Univariate Cox regression analysis yielded significant associations between ICU mortality and APACHE II score (P=<0.001), lactate level (P=<0.001), urine output (P=<0.001), vasoactive medications (P=0.005), E wave (P=0.04), E/e’ medial (P=0.046), right atrial pressure (P=0.017) and IVC size (P=0.007). Adjustment for urine output and IVC size in the multivariate analysis revealed the following 3 variables as independent predictors of ICU mortality: ratio of mitral E wave to early diastolic velocity of medial mitral annulus (E/e’), APACHE II score and lactate levels. Table 3 displays survival in patients dichotomized according to E/e’ medial ratio >15, confirming an excess mortality associated with an elevated ratio. Using the odds ratio, patients with E/e’ medial ratio >15 had 3.78 times the odds (95% CI: 1.87, 7.65) of ICU mortality compared to patients with E/e’ <15 (P=0.0002).
|E/e’ medial||1.04||1.00, 1.08||0.045|
|OR- odds ratio|
Table 3. Multivariable analysis for predictors of ICU mortality.
The univariate analysis for 90-day mortality in septic shock revealed the following variables to have significant associations with higher mortality: age (P=0.008), temperature (P=0.03), mean arterial pressure (P=0.027), low hematocrit (P=0.037), APACHE II score (P=<0.001), lactate level (P=0.002), BNP (P=0.013), urine output (P=<0.001), vasoactive medications (P=0.019), left ventricular ejection fraction (P=0.025) and IVC size (P=0.007). Multivariate analysis revealed the following to be independent predictors of mortality at 90 days of hospitalization: advanced age, urine output, low hematocrit and IVC size (Table 4). When comparing patients with dilated versus normal IVC size, both groups had similar net fluid balance within the first 24 h of ICU admission (2413 ml versus 2420 ml, P=0.99).
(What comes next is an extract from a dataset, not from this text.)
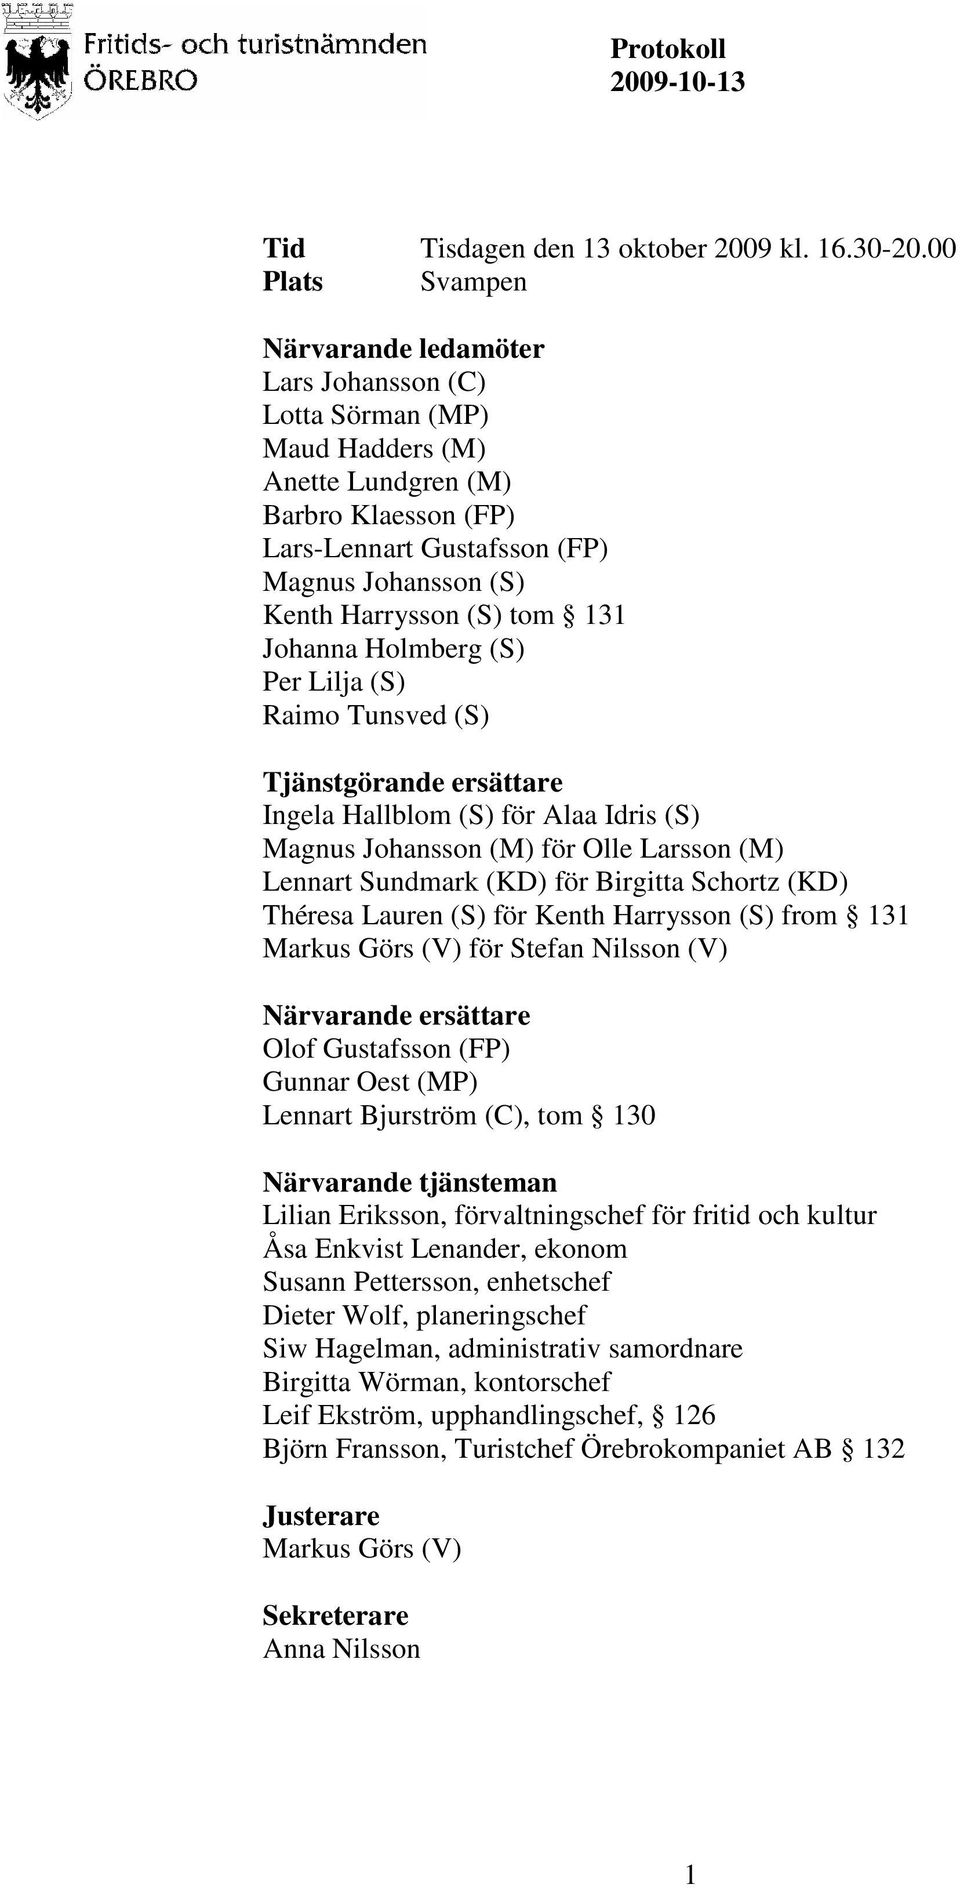 (S) tom 131 Johanna Holmberg (S) Per Lilja (S) Raimo Tunsved (S) Tjänstgörande ersättare Ingela Hallblom (S) för Alaa Idris (S) Magnus Johansson (M) för Olle Larsson (M) Lennart Sundmark (KD) för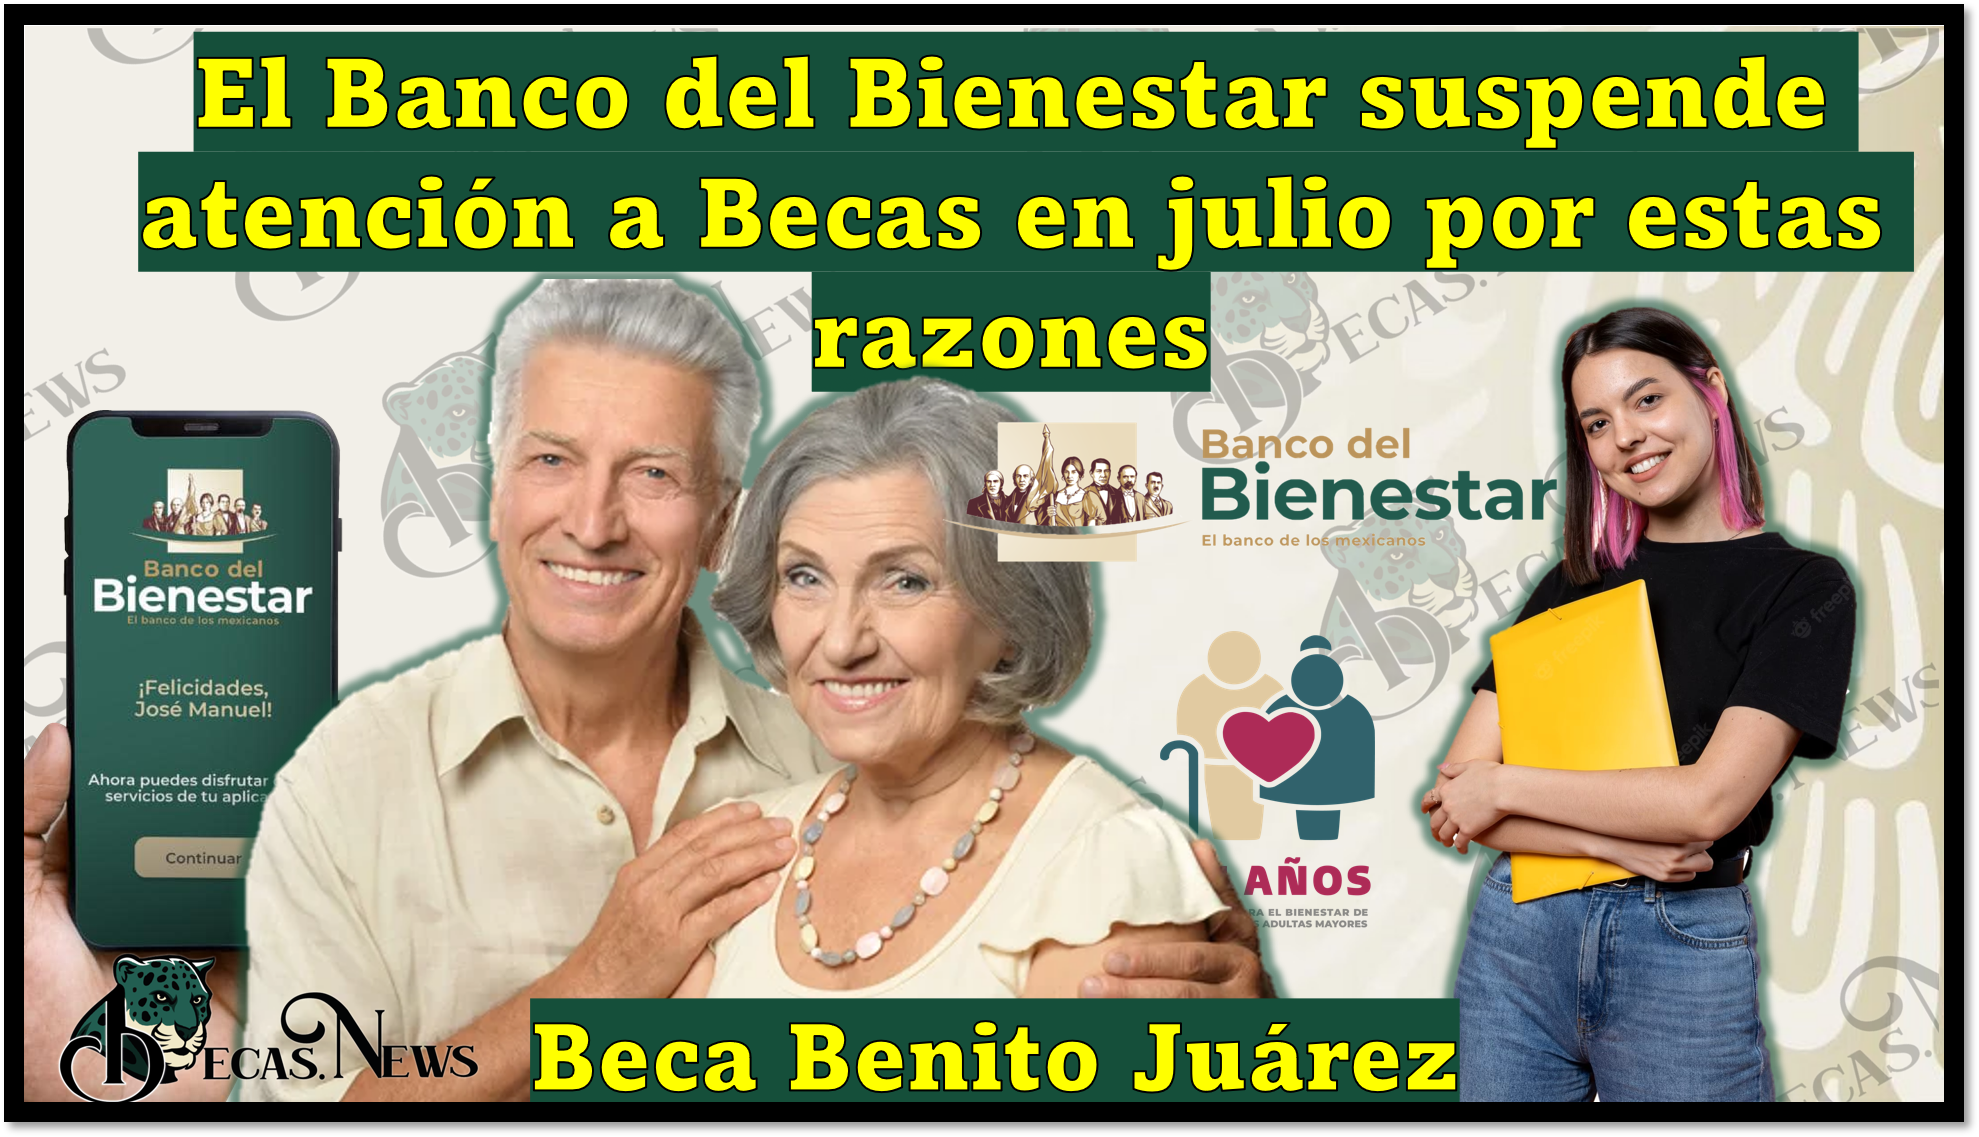 Becas Benito Juárez: El Banco del Bienestar suspende atención a Becas en julio por estas razones

After dichotomization according to E/e’ medial ratio <15 versus >15 (Figure 1), the proportion of patients with lower E/e’ medial surviving through 90 days of ICU admission was significantly higher than the proportion of patients with a higher E/e’ medial (P<0.0001). Anemia has been associated with diastolic dysfunction . We assessed the correlation between low hematocrit levels and average mitral E/e, and found that there was a weak positive correlation (R=0.129).
|Variable||OR||95% CI||P - value|
|Urine output||0.99||0.99, 0.99||0.001|
|Low hematocrit||0.93||0.88, 0.98||0.006|
|IVC size (dilated vs. normal)||2.02||1.05, 3.85||0.034|
Table 4. Multivariable analysis for predictors of 90-day mortality.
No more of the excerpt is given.